Enviado via SM-J110L usando UnderLinux App

----------


## rubem

Se desativar todas as atualizações no Android (Coisa que pode default ele já faz com conexão móvel, só atualiza com wifi, veja nas config's do Playstore), não pode comparar com o Windows com todas as FIRULAS ativas, tipo antivírus e Windows Update.

Se colocar o adblock no navegador (E navegar sem um adblock da vida hoje é suicídio), desativar a execução automática de flash (Pra que rodar flash em janela em segundo plano), a navegação vai gastar pouquíssimo. Mas tem que desativar até a atualização do navegador.

(Se pegar o Chomre 48 de 1 ano atrás ainda dá pra logar em 99,99% da web, não precisa sair correndo como louro atrás de atualização)

Se fala do consumo multimídia, celular chinfrim tem tela de resolução ruim, o default de muito celular é pegar vídeo do YT e facebook a 240p, enquanto em desktop o normal é usar algo lá por 480p, é uma diferença de mais de 100%, na real um vídeo 240p de 8MB vira em 24MB em 480p! Aumento de 300%! Mas mesmo fora dos vídeos tem muita frescura em site, flash pesa horrores (Graças a Deus esse lixo está morrendo), exibição de imagens em resolução alta idem (PNG é muito maior que GIF, caso não seja otimizado), as versões mobile dos sites nem sempre são mais leves, é que o navegador nos Android geralmente simplesmente não abre um monte de inutilidades.

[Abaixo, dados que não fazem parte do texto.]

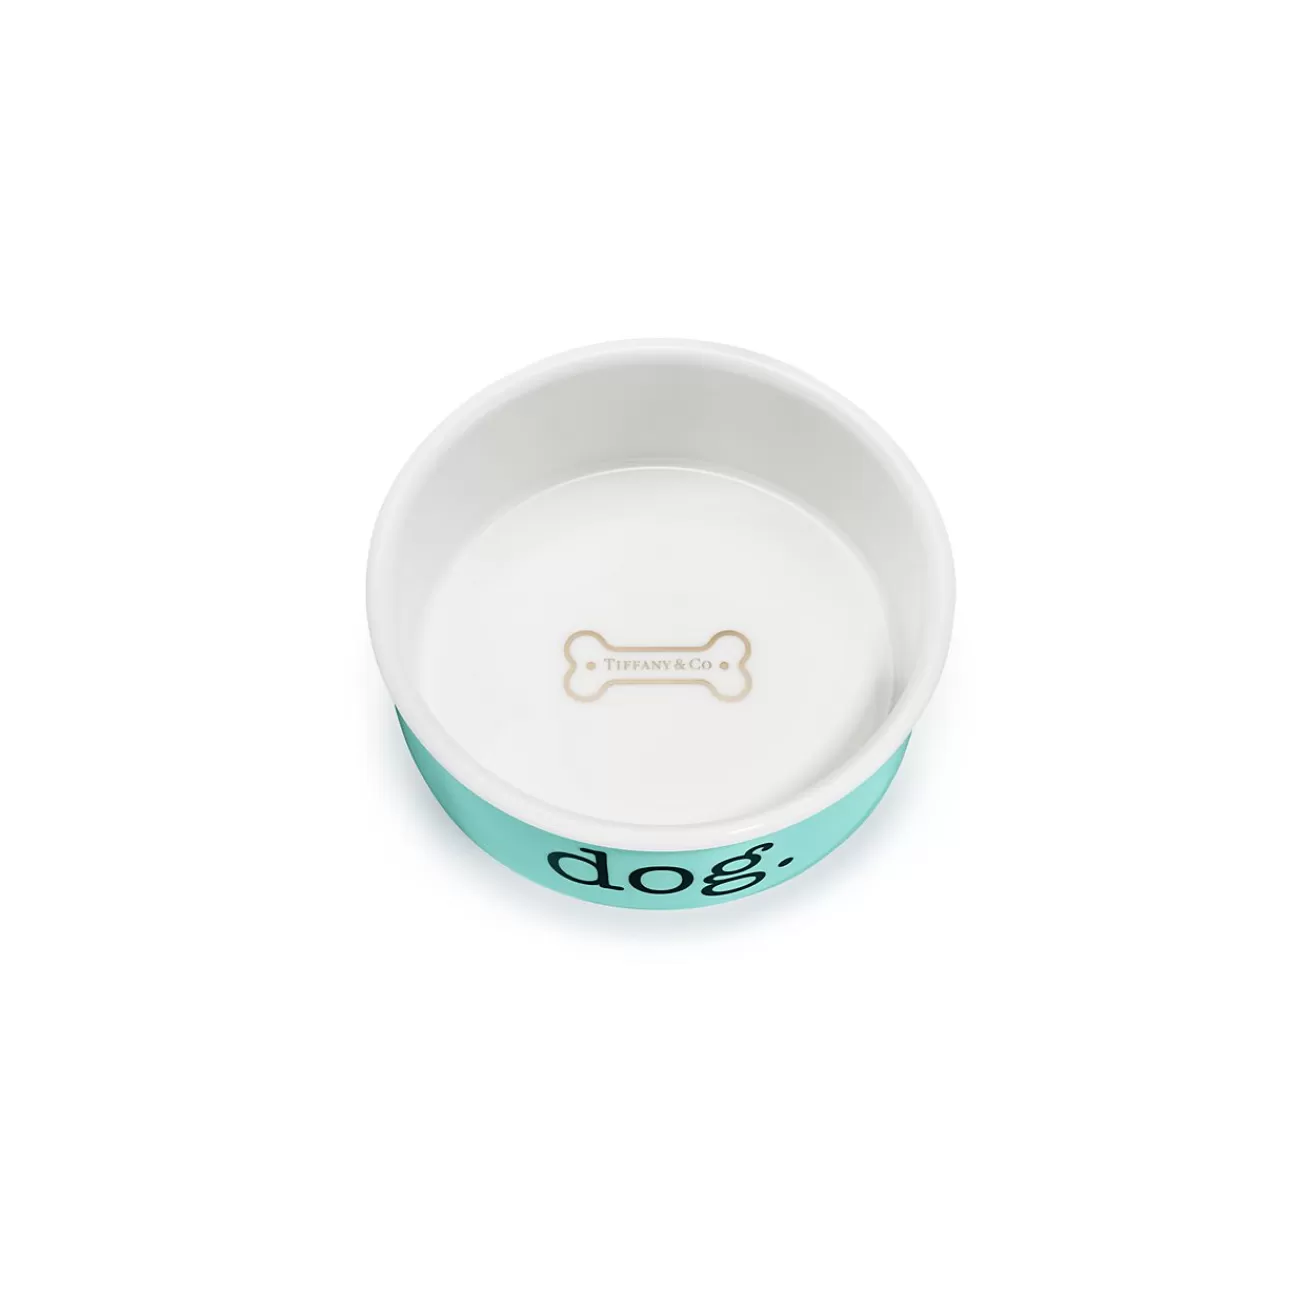 Tiffany & Co. Dog bowl in bone china, extra small. | ^ Stationery, Games & Unique Objects | Games & Novelties

Configura o Windows igual o Android (Atualizando só com conexão fixa, sem atualização NENHUMA rodando o tempo todo, não abre flash, abre vídeos e imagens em resolução baixa, bloqueia ADS's (Adblock no bicho), e abre a versão mobile dos sites (Tem que emular algo, se tentar digamos m.uol.com.br ele vai pra versão web normal. Teria que mudar a identificação do navegador). Aí sim vai ter em Windows e Android o mesmo consumo.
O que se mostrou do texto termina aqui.